For all the forceful rhetoric surrounding ESG efforts, the back-and-forth has not offered much clear thinking about what ESG is, how it works, or what constitutes an ESG regulation or law. And while federal officials vigorously debate the topic, as they did during a series of hearings in the House of Representatives this past summer, most ESG legislative proposals and activities are taking place at the state level. This is where clarity has been most lacking.

Defining corporate ESG policy, outlining its popularity, exploring related state-level public policies, describing their effects, and explaining how state governments — and legislatures, in particular — can navigate the minefields it presents would bring insight to these discussions. A more comprehensive understanding of ESG will enable state policymakers to both avoid its pitfalls and maximize its potential upsides. They can do the former by reinforcing the fiduciary guardrails around public funds and avoiding proposals that grant officials broad powers to second-guess business decisions. And they can do the latter by investigating ways that the ESG movement, at its best, can replace government coercion in confronting complex social problems.


ESG's antecedents date from the beginning of Western civilization. The wealthiest men in ancient Athens supported triremes for the navy as well as dramatic productions to entertain and enlighten the polis. Medieval barons not only performed obligatory military service for their liege lords but, in order to keep their bonded labor forces alive and relatively happy, also handed out grain in lean times, provided for the sick, and supported wedding celebrations. Industrialist Andrew Carnegie helped define much of modern philanthropy when he preached a "gospel of wealth" and gave away almost his entire fortune to support schools, research institutes, and libraries. Inspired in part by Carnegie and other industrial-age titans like Henry Ford, management thinkers from the 1920s onward preached a concept of "corporate social responsibility" or "corporate citizenship" that asked large enterprises to think of themselves as responsible individuals. They should therefore do many of the things that are expected of good citizens, including improving their communities, donating to charities, and advocating public policies that serve the common good.

 "Environmental, Social, and Governance" is thus the latest evolution of long-established trends. The term comes from a 2005 United Nations report, which describes ESG as attending "to broadly accepted extra-financial conjunction interests." Hardly anyone disagrees with this basic idea. Even in his famous New York Times essay, "The Social Responsibility of Business Is to Increase Its Profits," no less a free-market authority than Milton Friedman wrote that companies must not only obey the law, but also conform to "the basic rules of the society, both those embodied in law and those embodied in ethical custom." To some extent, responding to these preferences of "ethical custom" is a natural, value-creating endeavor for most every business enterprise.

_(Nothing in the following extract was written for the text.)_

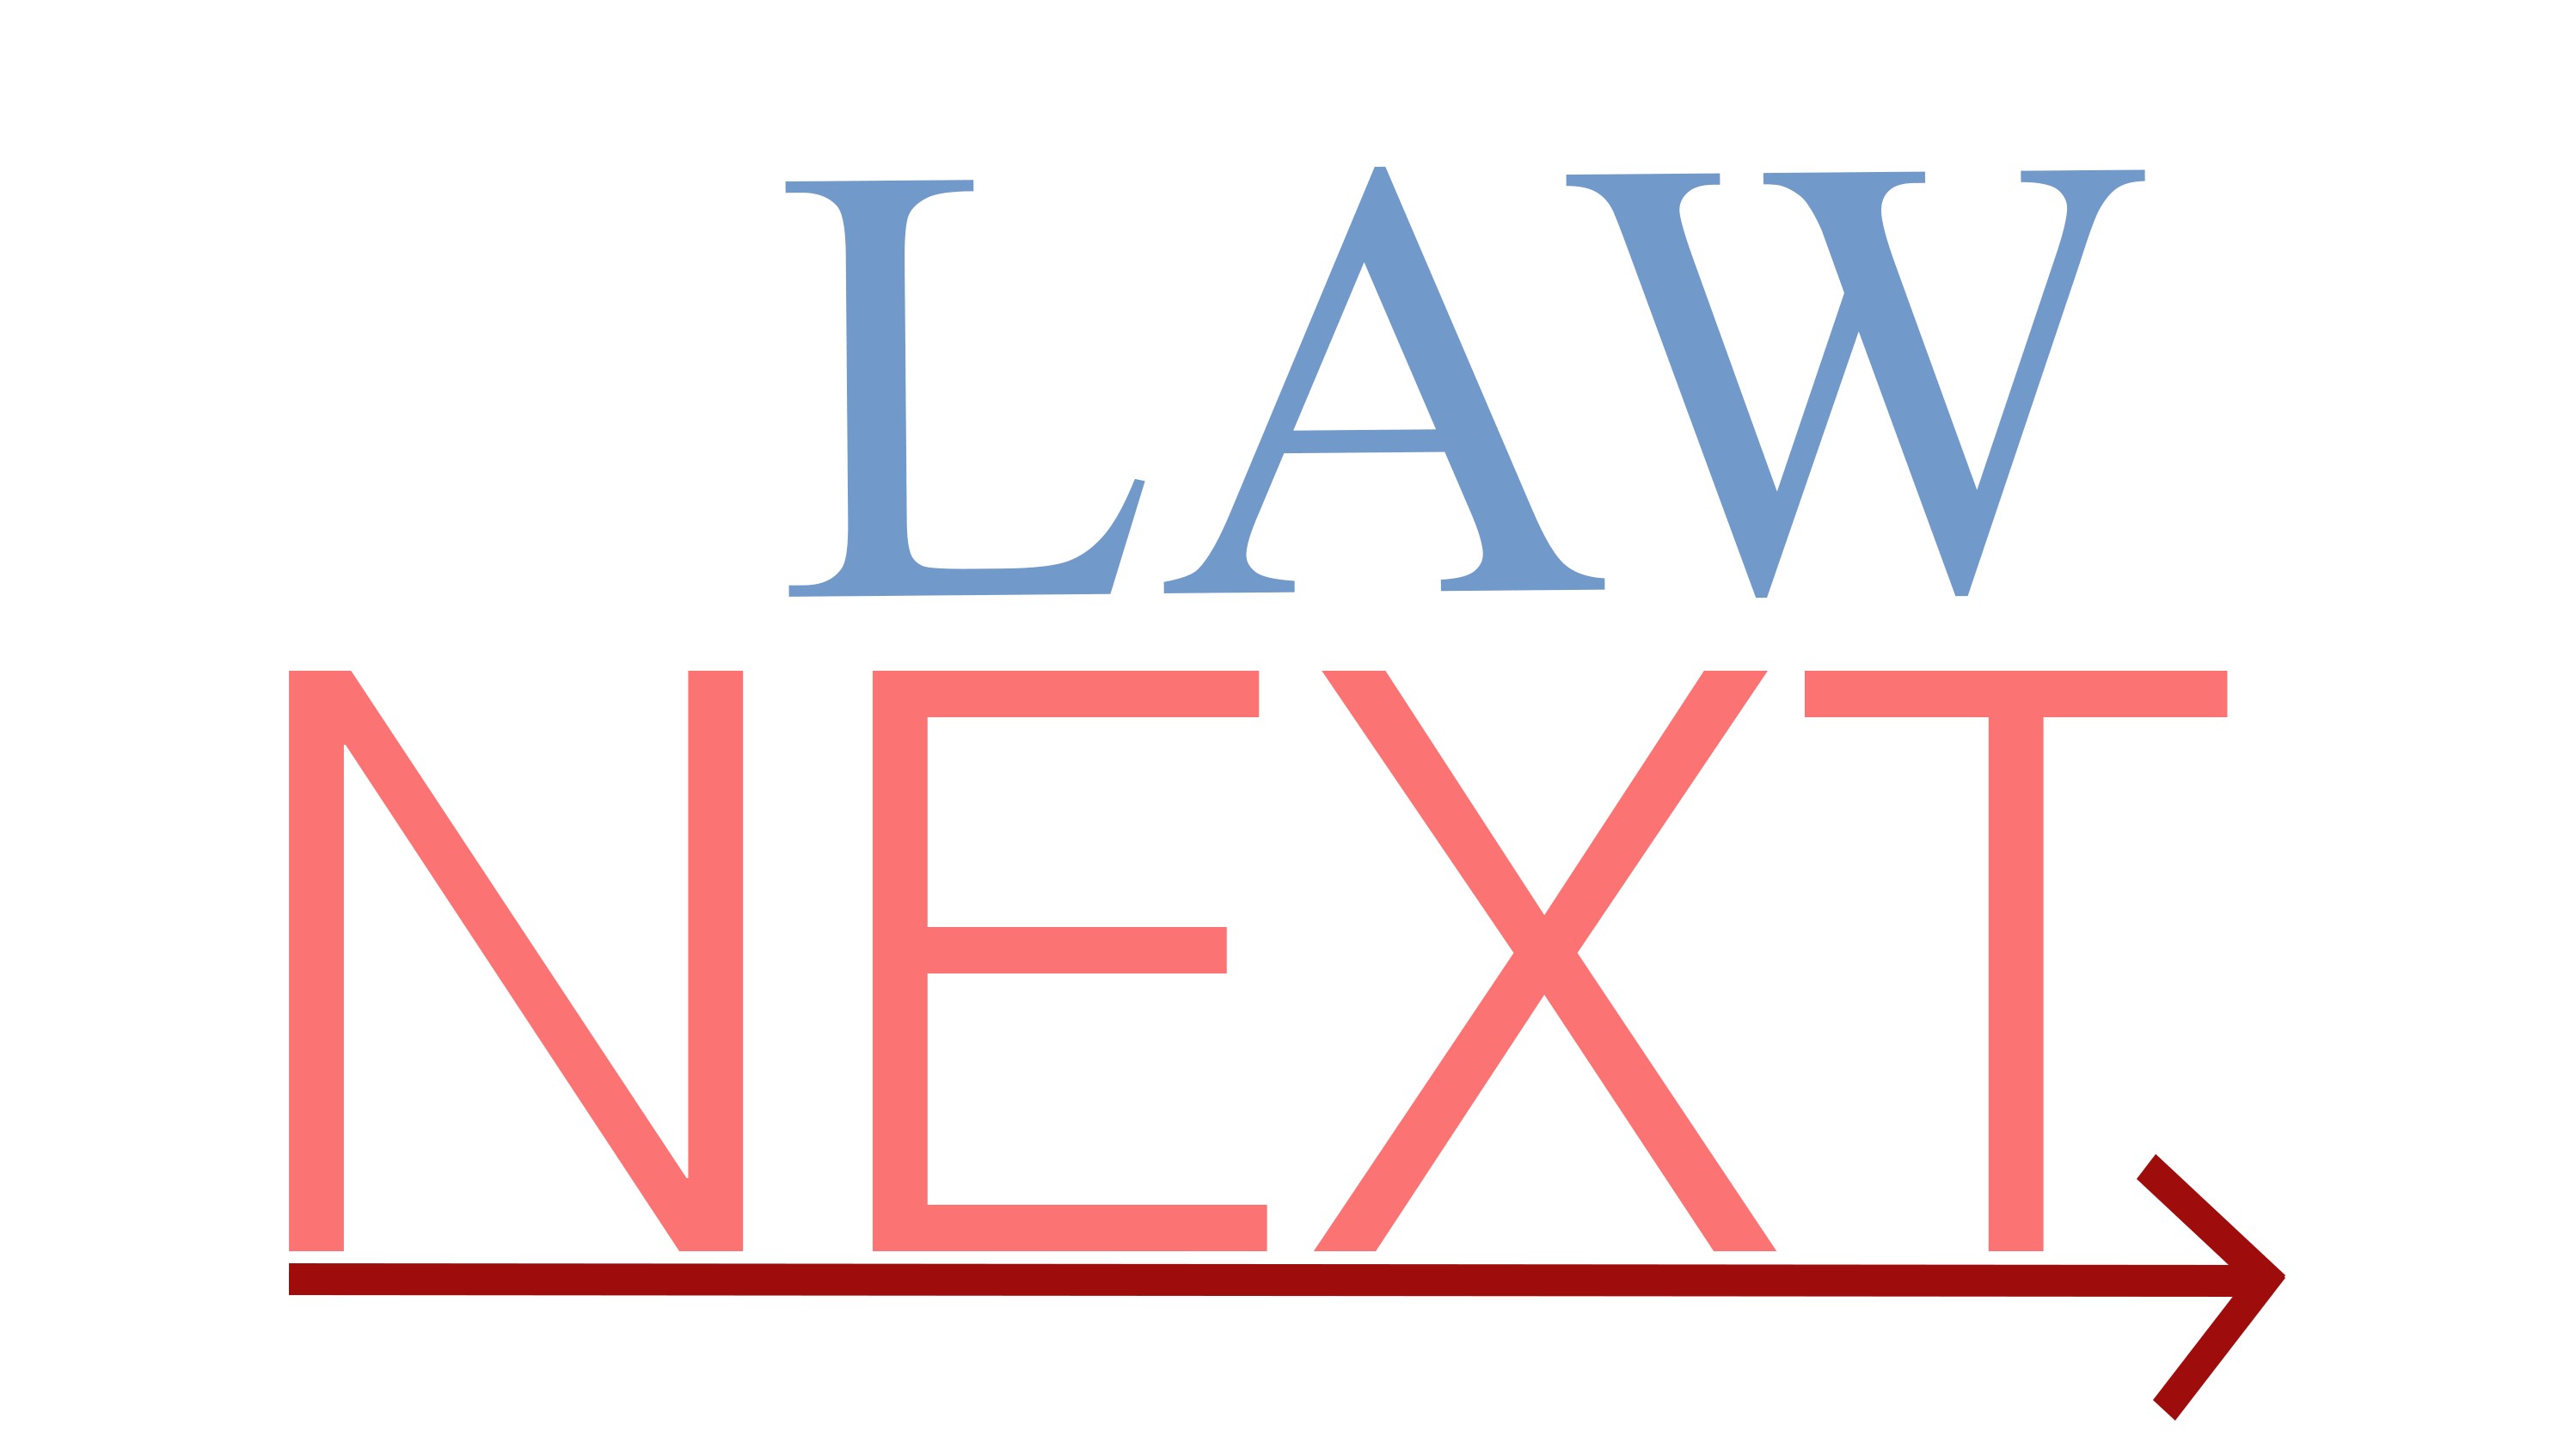 Introducing LawNext, My New Podcast about Innovation in Law, and My First Guest, Nicole Bradick

But ESG goes further than movements of the past. It's not just another name for "philanthropy" or even a rebranding of "corporate citizenship." Instead, modern ESG thinkers, managers, and consultants tend to emphasize a broad array of obligations that look at every aspect of a business's role in the world. These can, of course, have tremendous relevance to the bottom line of any enterprise. The consulting firm McKinsey describes ESG activity as a business tool intended "to manage, and address, massive...externalities." It adds that a company's failure to take ESG into account might mean "their forecasts — and indeed, their core strategies — may not be achievable at all." In short, ESG supporters propose making initiatives previously considered "nice and good," or even "obligatory as a matter of custom," into business responsibilities that firms should fulfill if they hope to thrive in the long term.

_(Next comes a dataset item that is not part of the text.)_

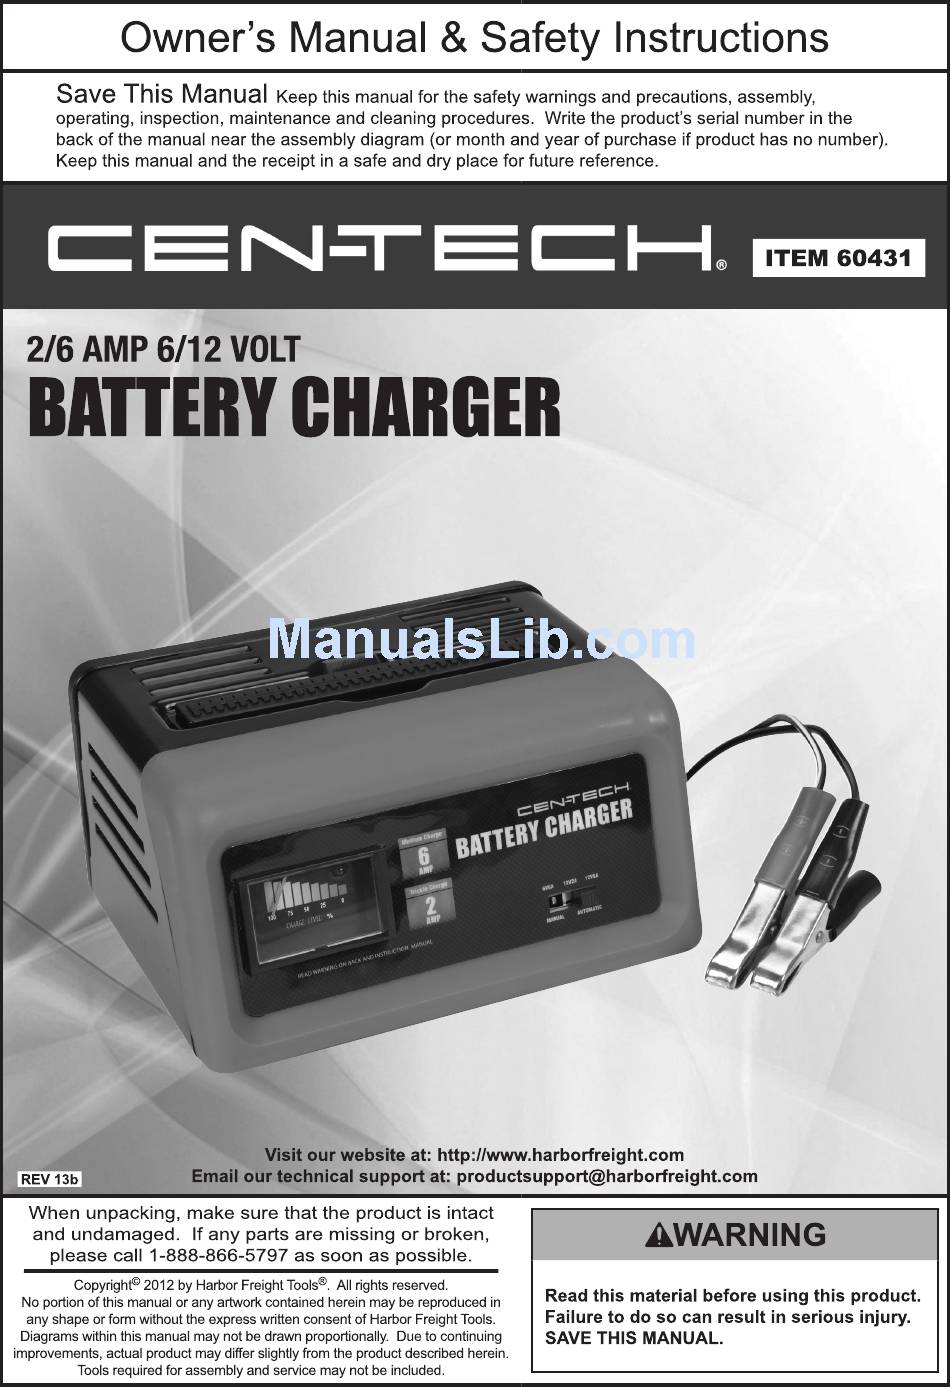 CEN-TECH 60431 OWNER'S MANUAL & SAFETY INSTRUCTIONS Pdf Download

Although the lines between the three components of ESG can be blurred at times, each one largely meets the common-sense definition of the term. Environmental factors covered under ESG include compliance with environmental laws, voluntary environmental standards (such as a promise to buy more clean energy), and efforts to mitigate broader environmental impacts, such as a firm's past carbon-dioxide emissions. Social factors include the ways a firm treats its employees, participates in society as a corporate citizen, takes positions on social issues, and engages in outreach to groups that have faced past prejudice. And governance issues speak to how a company runs itself. They deal with matters such as the composition and independence of the board, compliance with laws, internal financial controls, and how firms invest (or don't invest) for long-term value creation.


ESG programs have become nearly universal at sizable firms. According to the consulting firm Deloitte, 99% of companies surveyed said they either had or were planning to establish a cross-functional ESG-related team. Significant majorities in the same survey also said they were going to invest more in tools to measure ESG efforts. And the programs are making a greater impact than ever in the C-suite: A recent report from PricewaterhouseCoopers (PwC) found that the number of chief sustainability officers (the common title for the person heading ESG initiatives from the C-suite) tripled between 2021 and 2022.

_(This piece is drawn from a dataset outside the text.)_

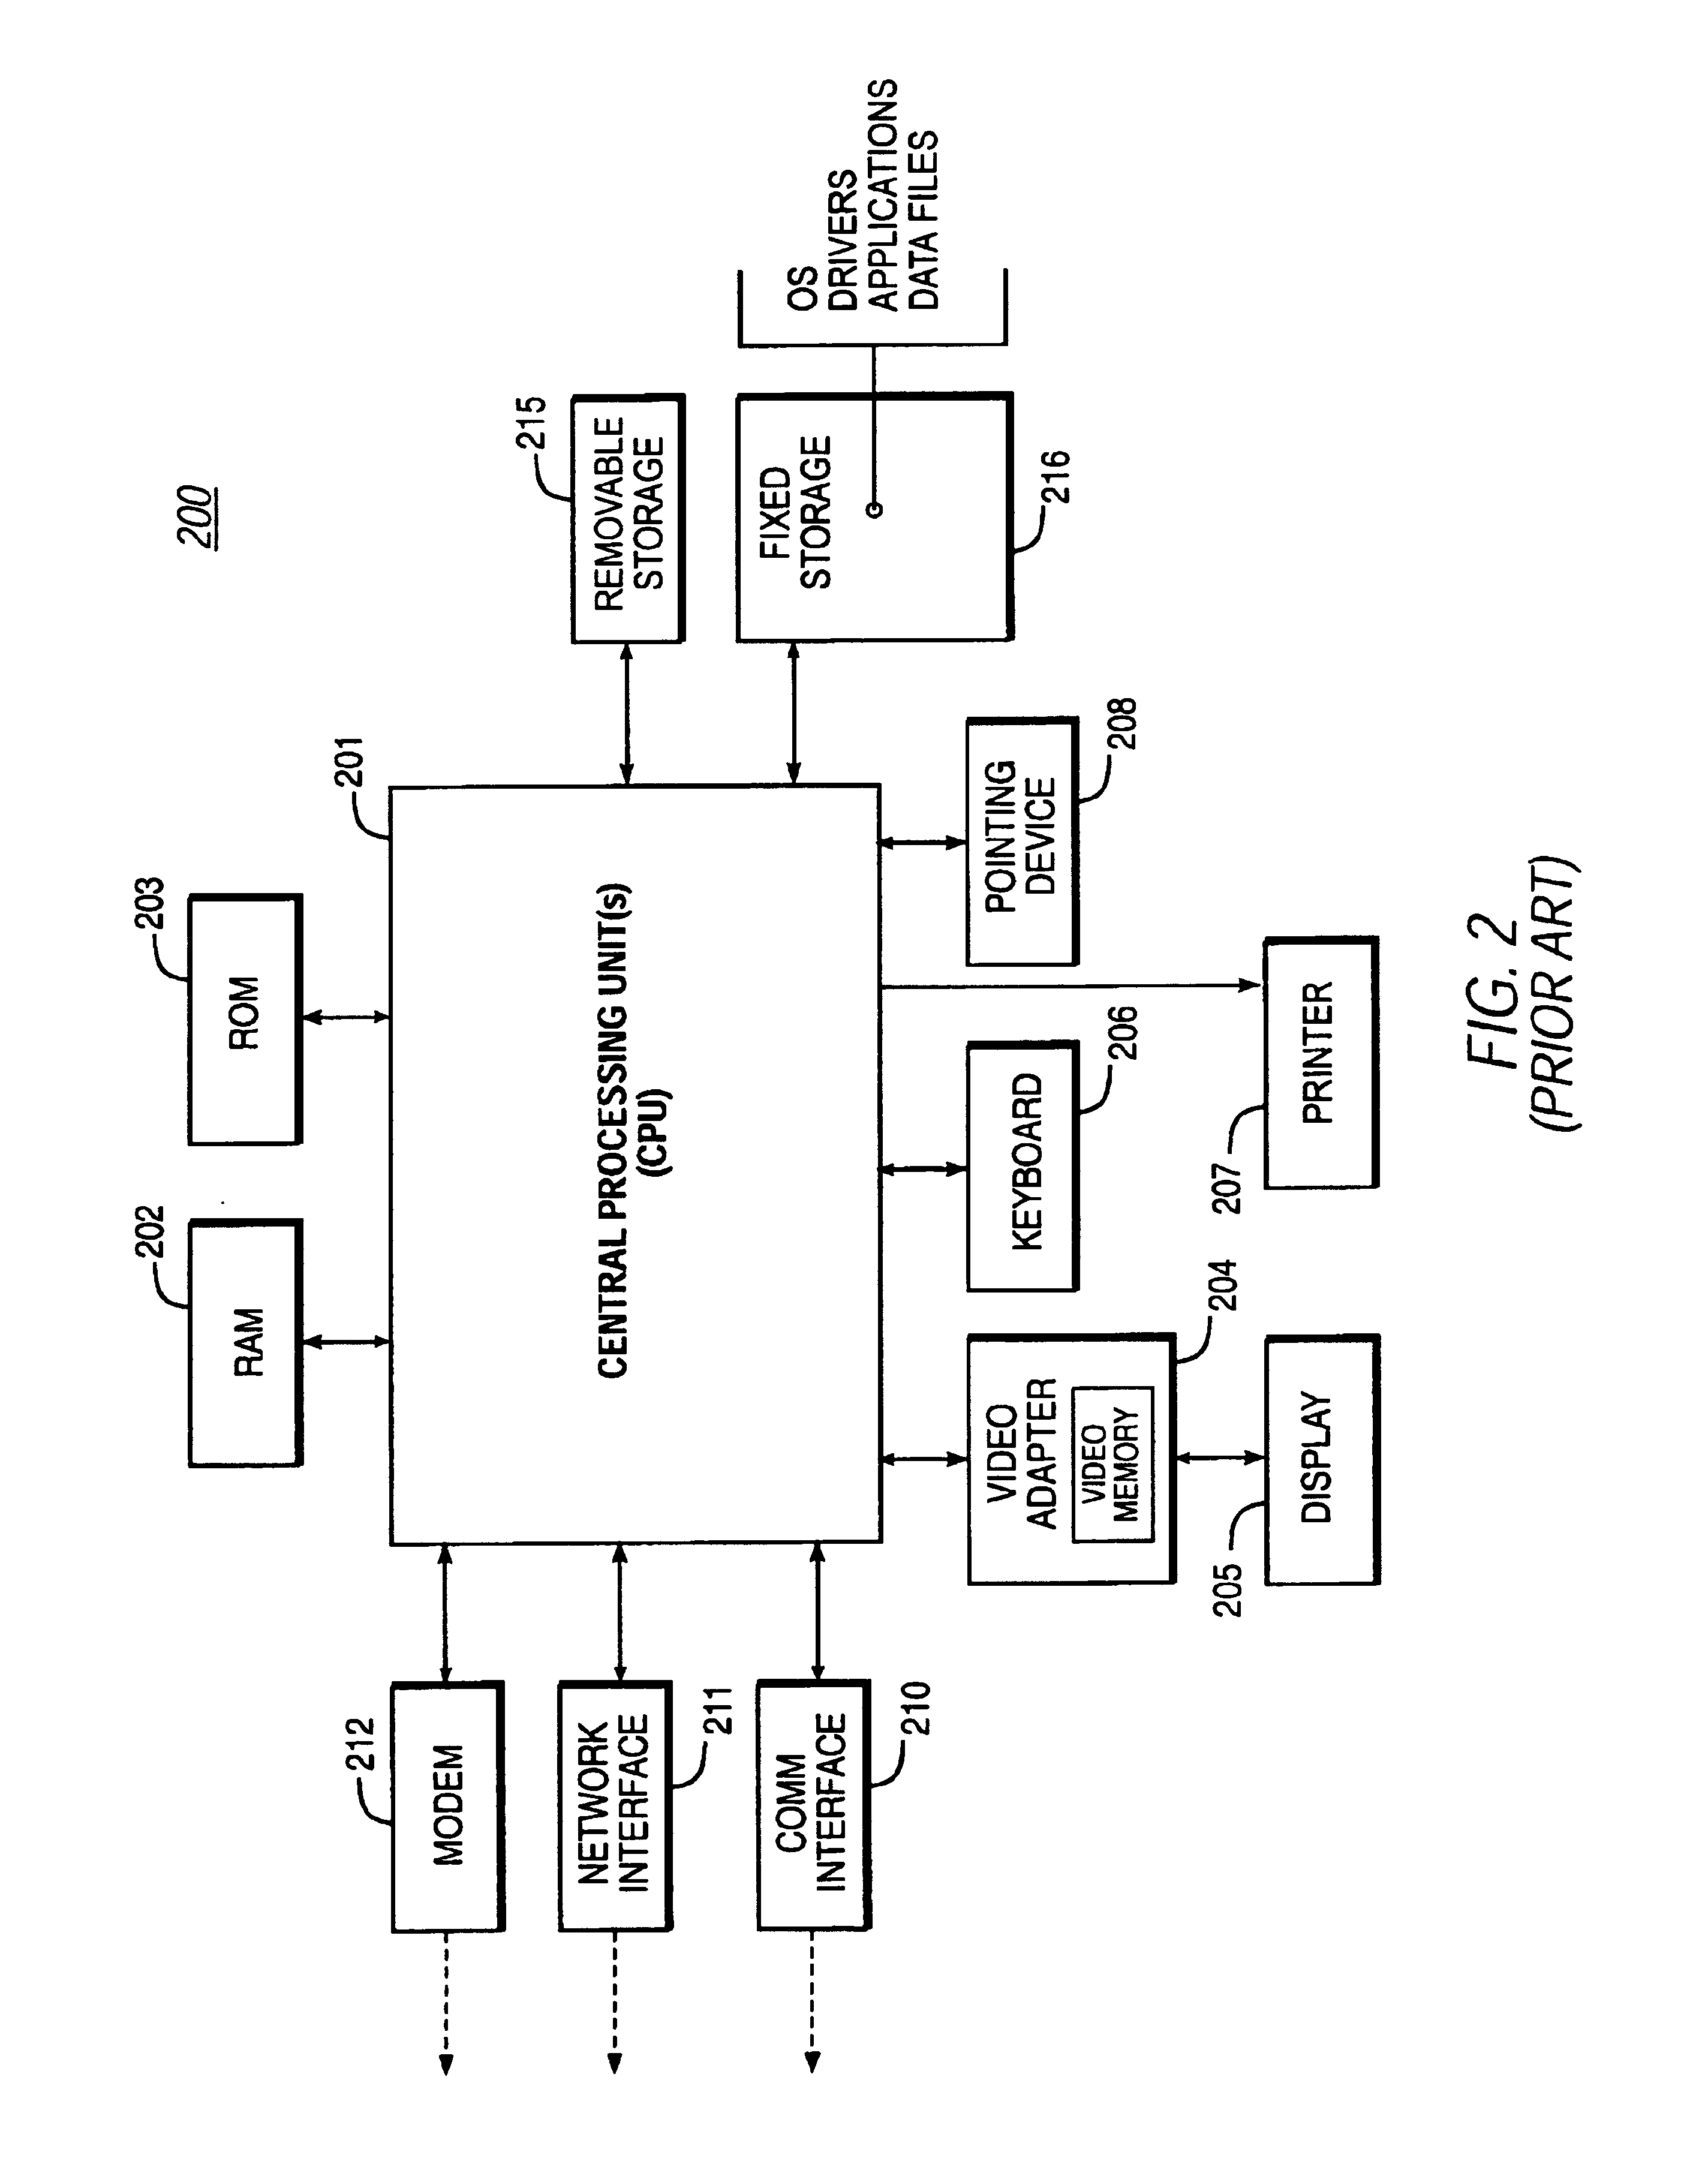 Electronic mail system with authentication methodology for supporting relaying in a message transfer agent

Firms launch ESG efforts for a wide variety of reasons, the first of which is responding to consumer demands. Polling by PwC finds that supermajorities of consumers (83%), executives (91%), and employees (86%) endorse ESG principles. More than 60% of consumers likewise say they are willing to pay more for environmentally friendly products, while 75% say the environmental impact of the goods they buy concerns them. (Only small minorities, however, know what the term "ESG" actually means.) Majorities or near majorities of executives and other senior personnel also polled by PwC believe that ESG will have several benefits for their businesses, including better retention of talent. Such initiatives enhance a firm's public reputation and its perception in financial markets, which increasingly affect the opportunities for new ventures in the extractive and emitting industries, for example. Indeed, rating agencies have long looked at governance issues when evaluating default risk for corporate bonds, and they now also take environmental factors into account.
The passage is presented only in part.